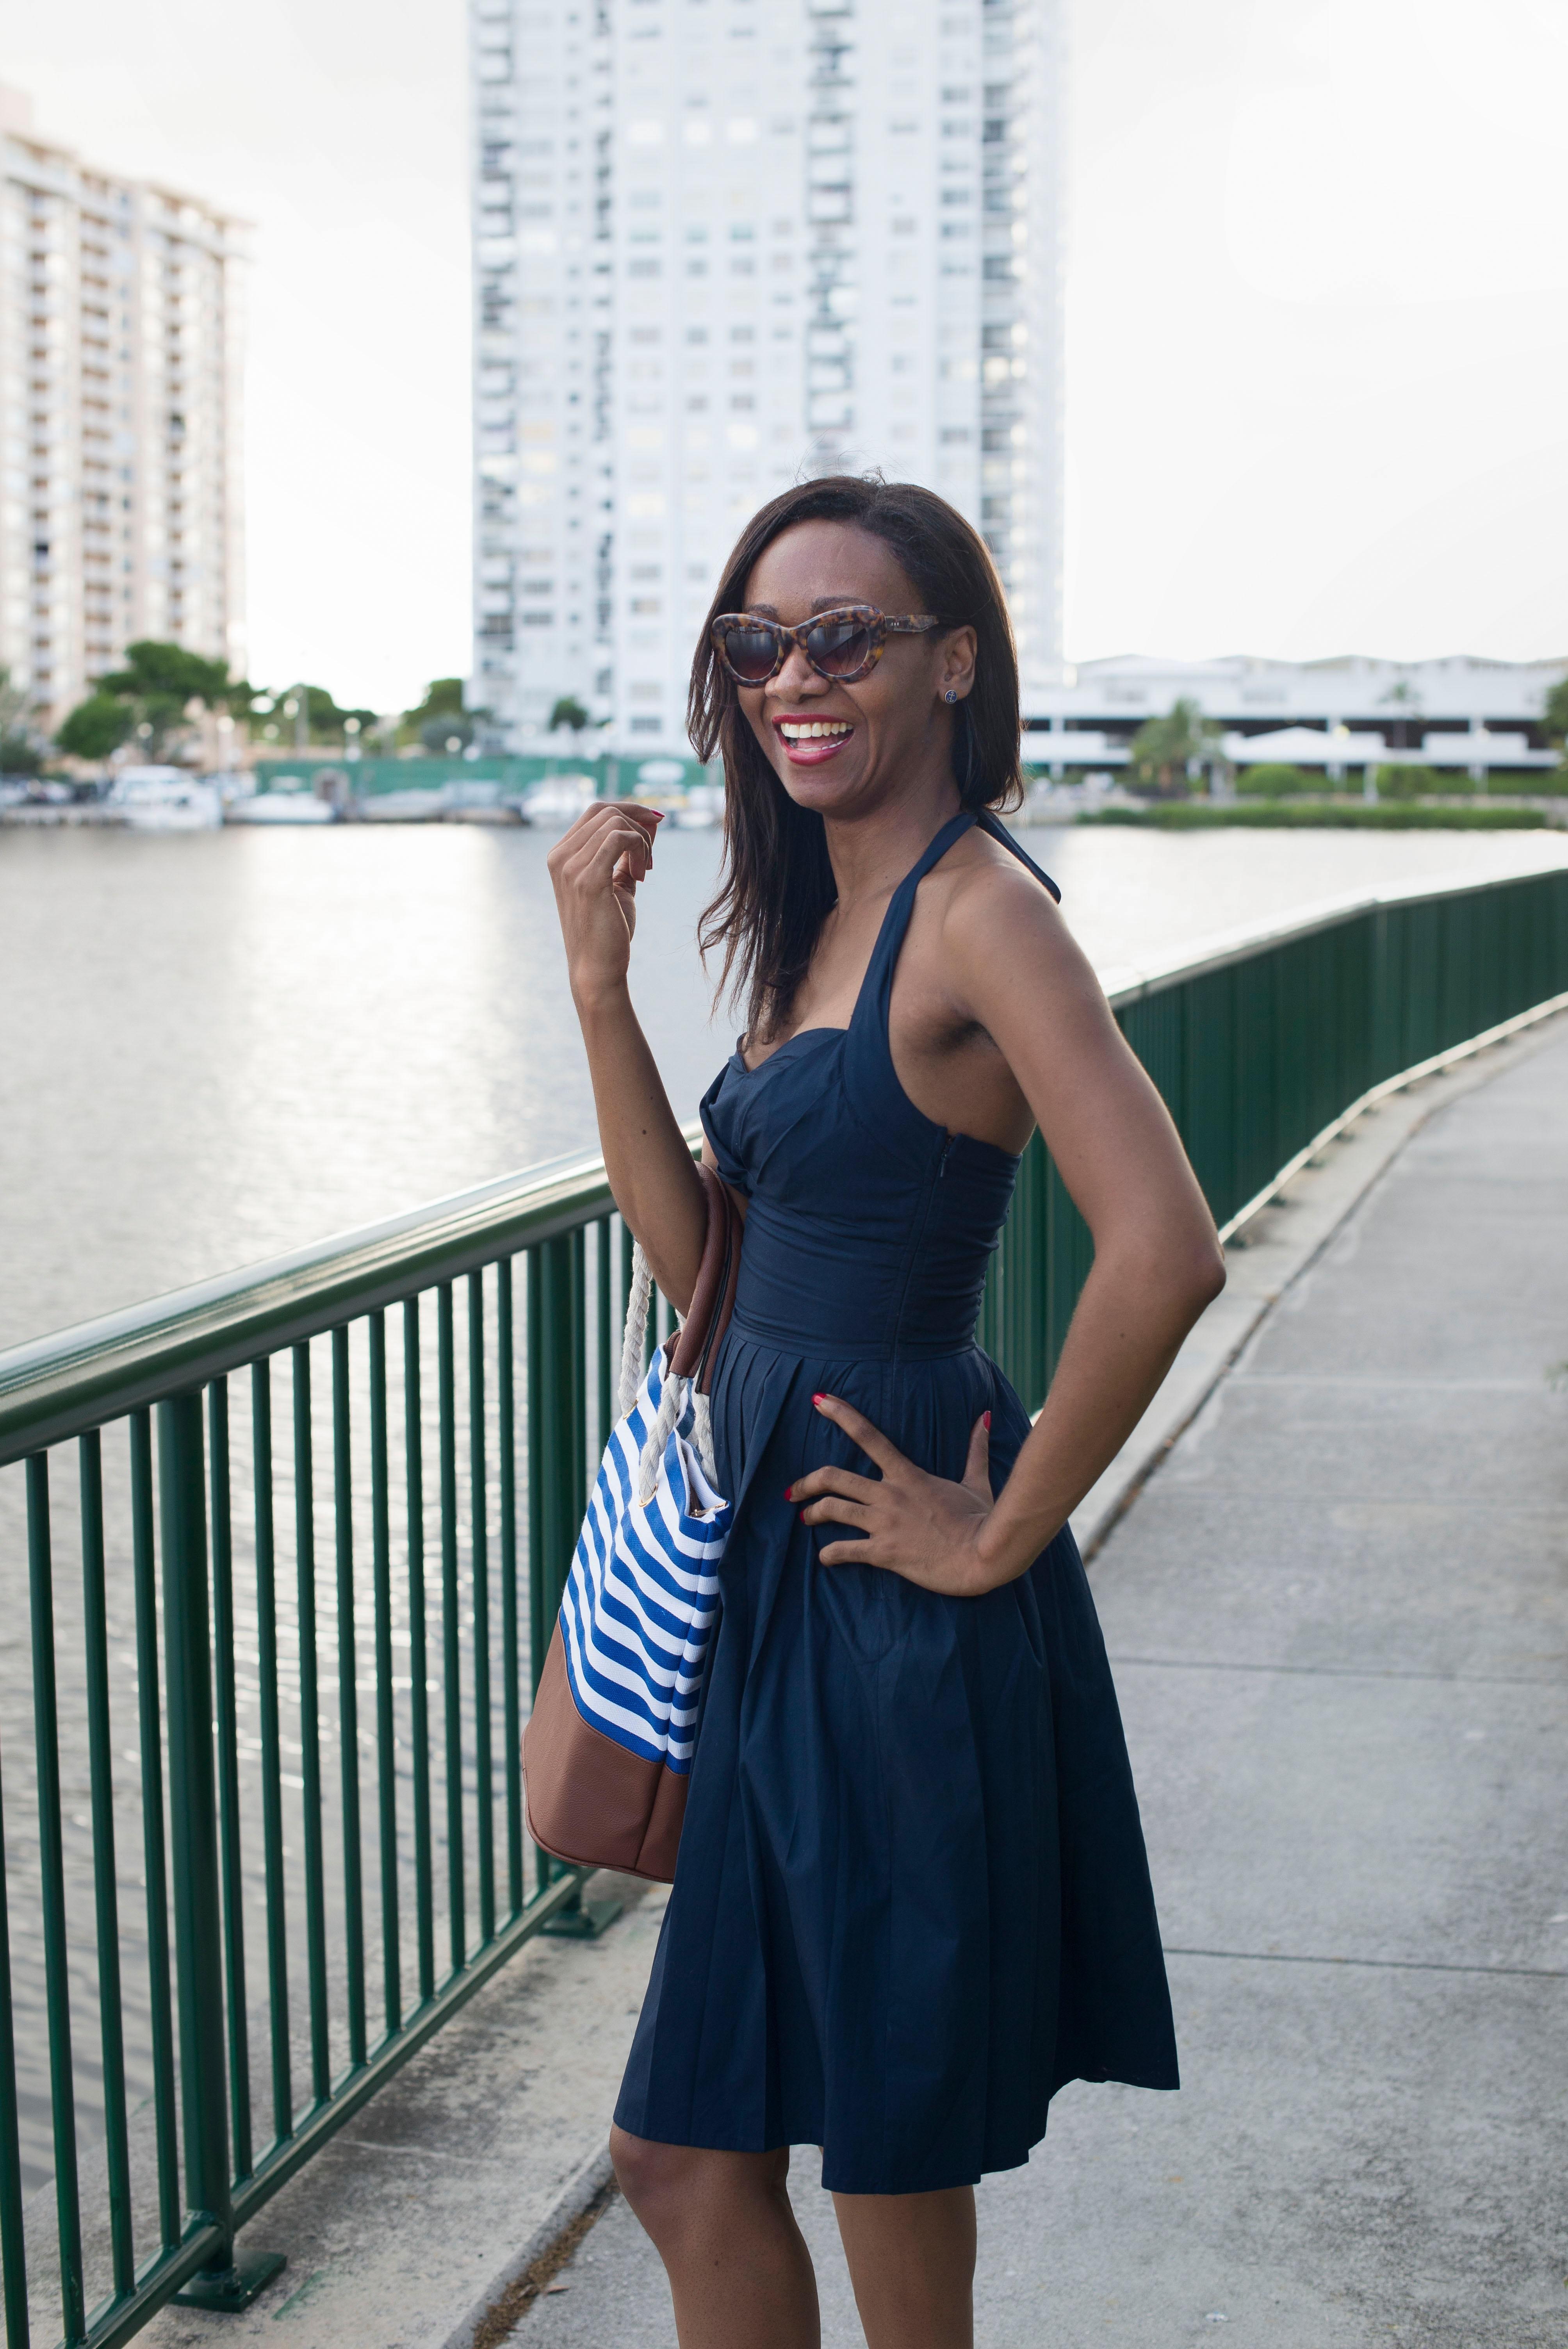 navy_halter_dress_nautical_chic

* * *

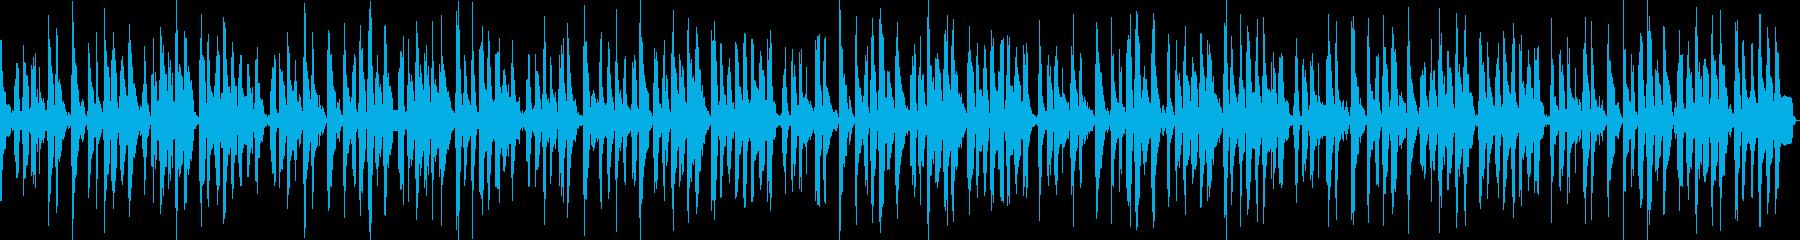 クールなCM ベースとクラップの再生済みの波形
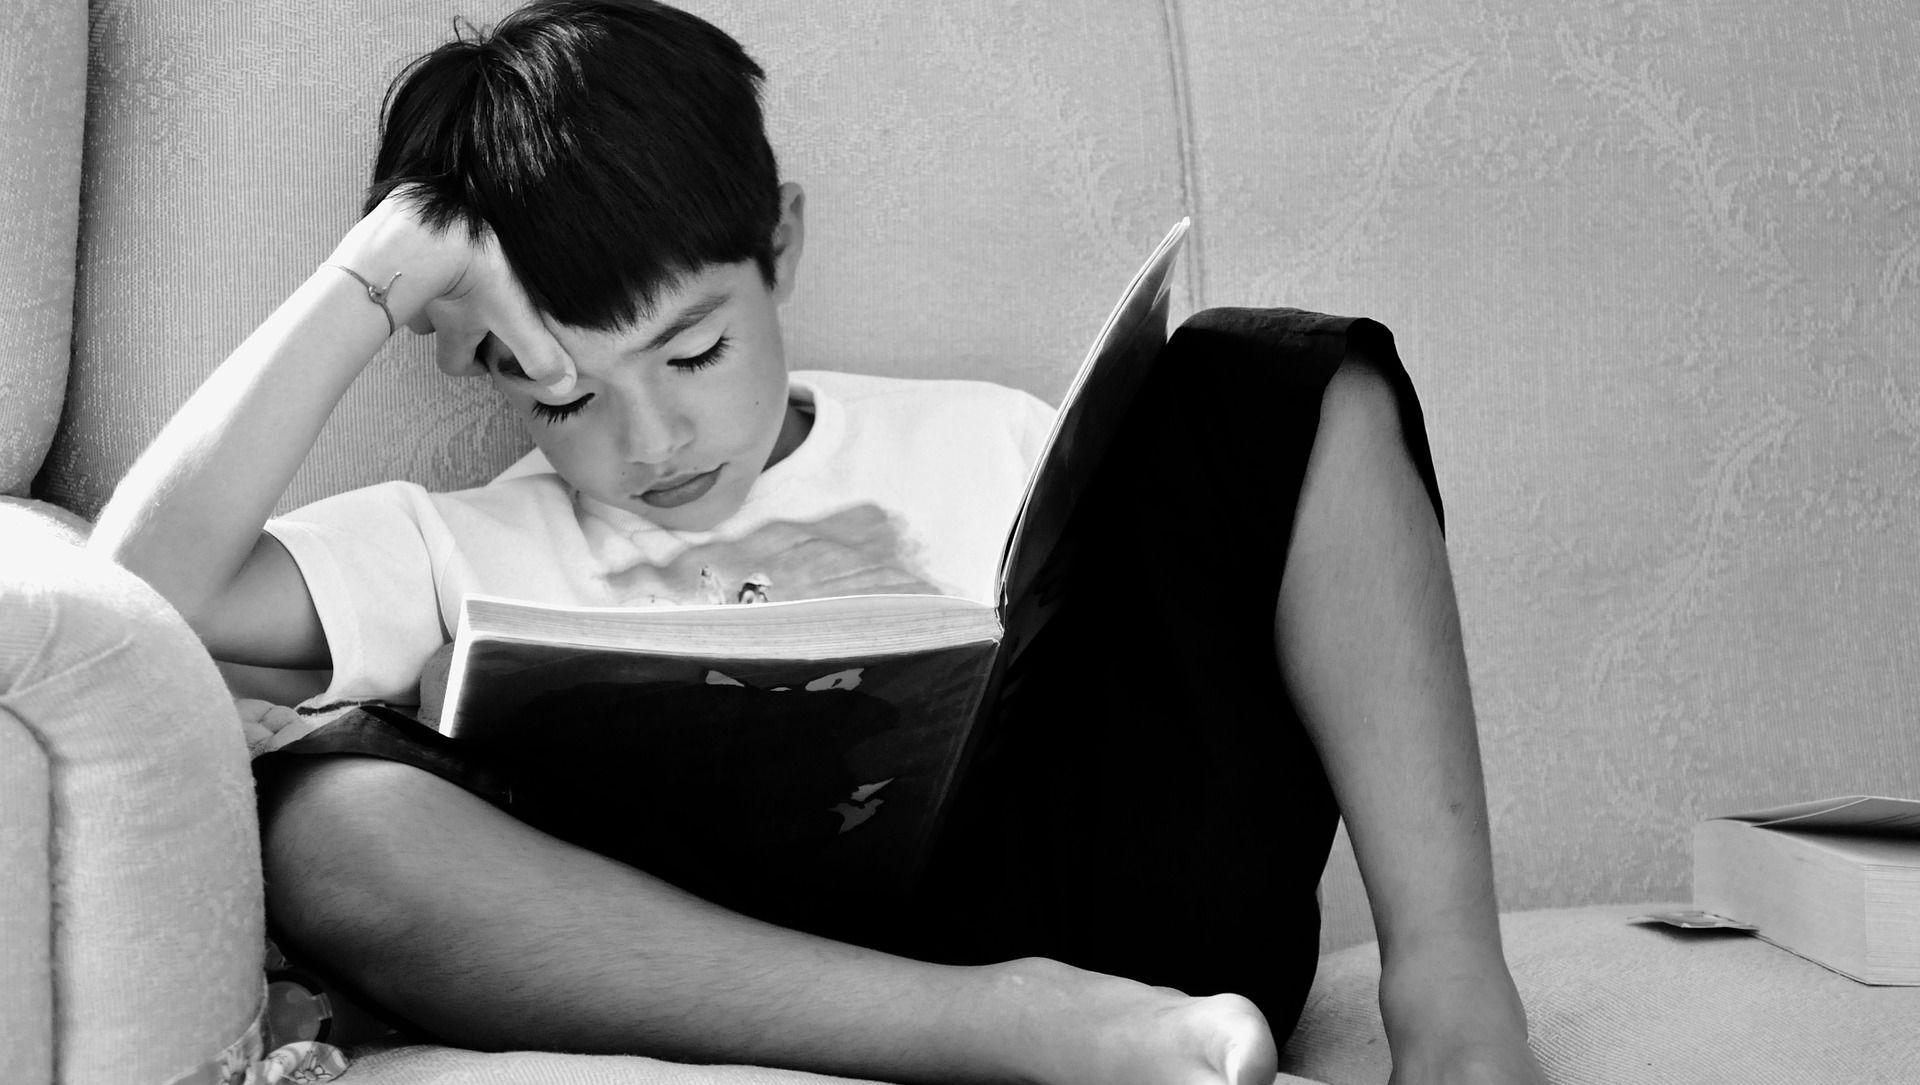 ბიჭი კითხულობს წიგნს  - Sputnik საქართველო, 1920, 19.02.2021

■ Action item: Using the listing above, reproduce word for word every line from the one containing "クールなCM ベースとクラップの再生済みの波形" through the one containing "ბიჭი კითხულობს წიგნს". Pictures must be left out.

■ Answer for the task:
 クールなCM ベースとクラップの再生済みの波形
 ბიჭი კითხულობს წიგნს  - Sputnik საქართველო, 1920, 19.02.2021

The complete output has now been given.